My vision of open tags are designed to avoid the identity of Technorati-style services I might want to index my posts. For example, the Technorati tag “http://technorati.com/tags/thai&#8221; denotes Technorati as the service to handle the tag, as well as pointing to a specific page on the Internet generated by the Technorati system either on demand or in advance of an attempt to access it. Instead, my idea of an open tag relies on a relative address, like “/tags/thai”.

Stowe then provides an example of the type of what such an “open tag” might look like using existing HTTP URI (commonly called “URL”) syntax:

<a href="/tags/thai" rel="tag">Thai</a>

However a reader of Stowe’s quickly pointed out the obvious problem with this approach. Because it is a relative URL…

…the browser resolves the relative address in the URL to be a hypothetical address at the Corante server — “http://www.corante.com/getreal/tags/thai&#8221; — which doesn’t exist. Hence, a 404 message: file not found.

So what’s the XRI solution? Switch from an HTTP URI to an identifier syntax specifically developed for abstract identifiers (including generic concepts like “Thai” that don’t exist as definitive HTTP URI resources). For example, the XRI-based open tag would look like this:

<a href="xri://+thai" rel="tag">Thai</a>

What’s the “+” stand for? It’s the XRI global context symbol for generic identifiers – identifiers that represent generic subjects, topics, or concepts for which there is no central authority, any more than there is any one authoritative dictionary for the meaning of the word “Thai” in the English language.

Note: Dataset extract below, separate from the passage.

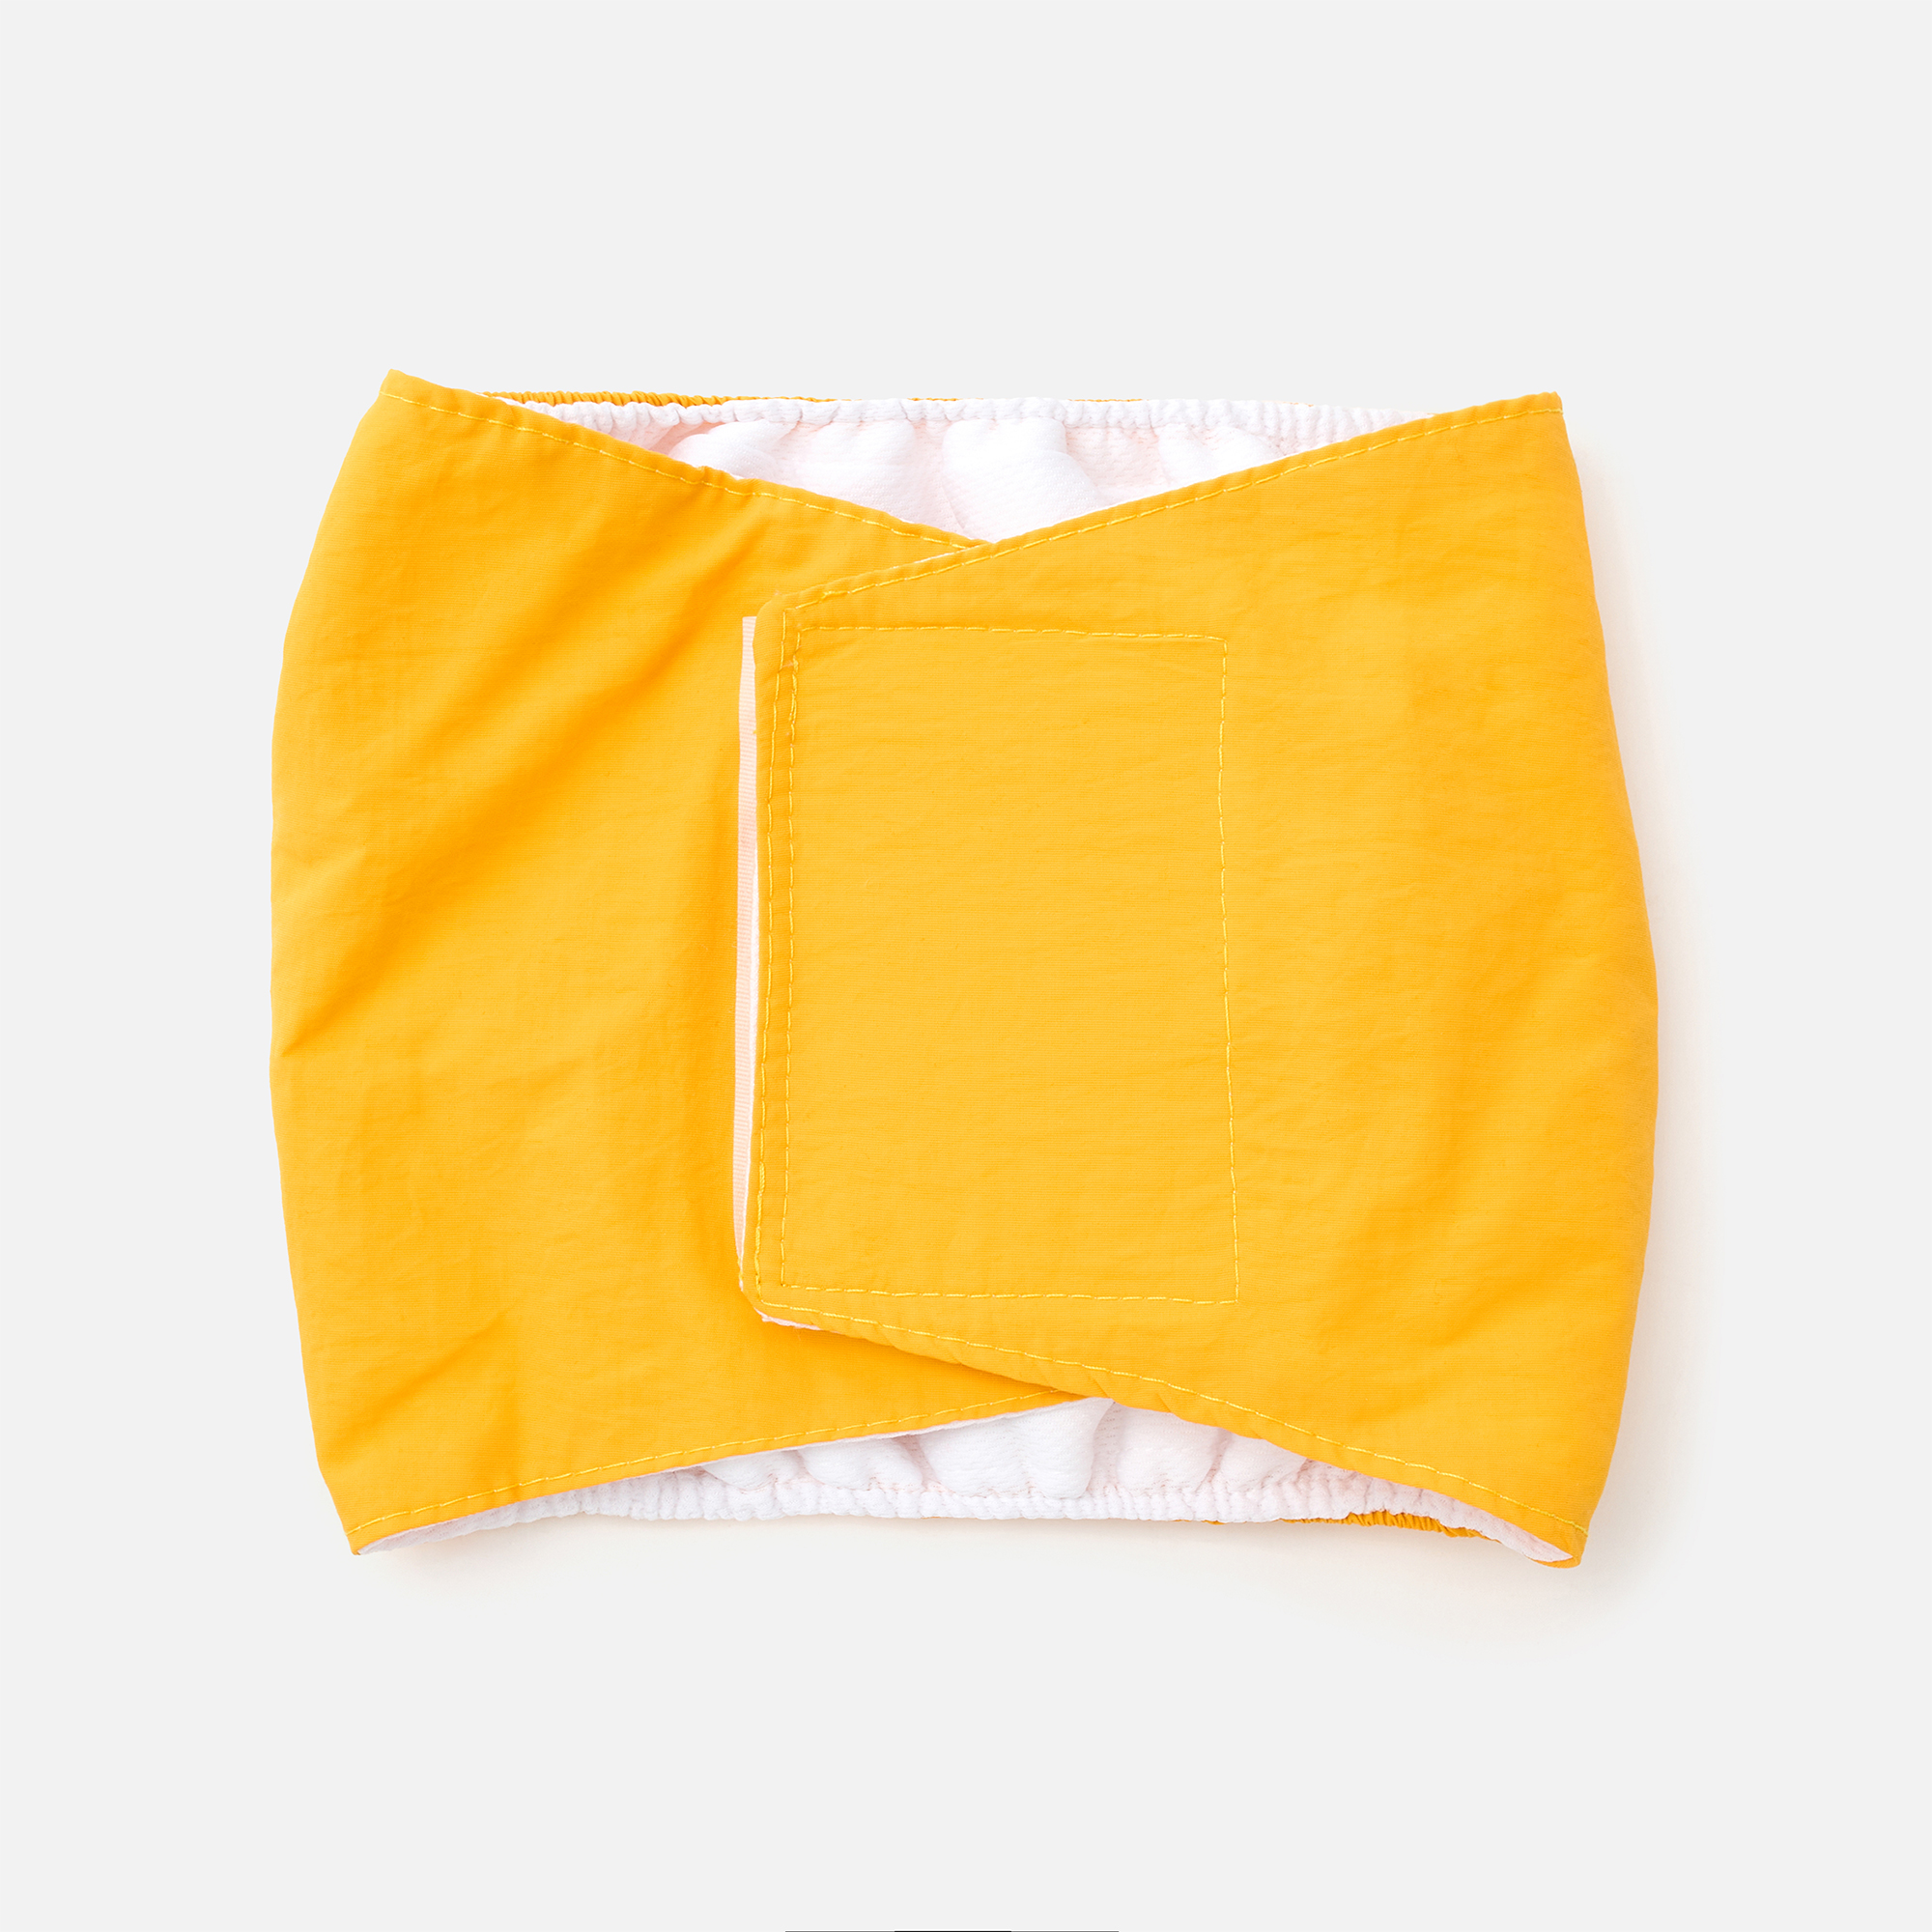 Послеоперационная повязка для собак Market Union, размер XL, жёлтая

So how would an XRI-aware browser (or search engine) deal with this tag? Exactly the way Stowe intends. Because the author of the tag did not put “+Thai” in the context of any specific dictionary service, the instruction to all service providers is: “interpret this tag as the generic meaning of the concept ‘Thai’.” Each service provider can then consult their own dictionary service to provide further understanding/mapping/linking of this term. Or they can use a shared community dictionary service from organizations like Wikipedia or XDI.ORG.

Better still, XRI syntax allows an author to declare a explicit dictionary authority for a +word if they choose to. For example…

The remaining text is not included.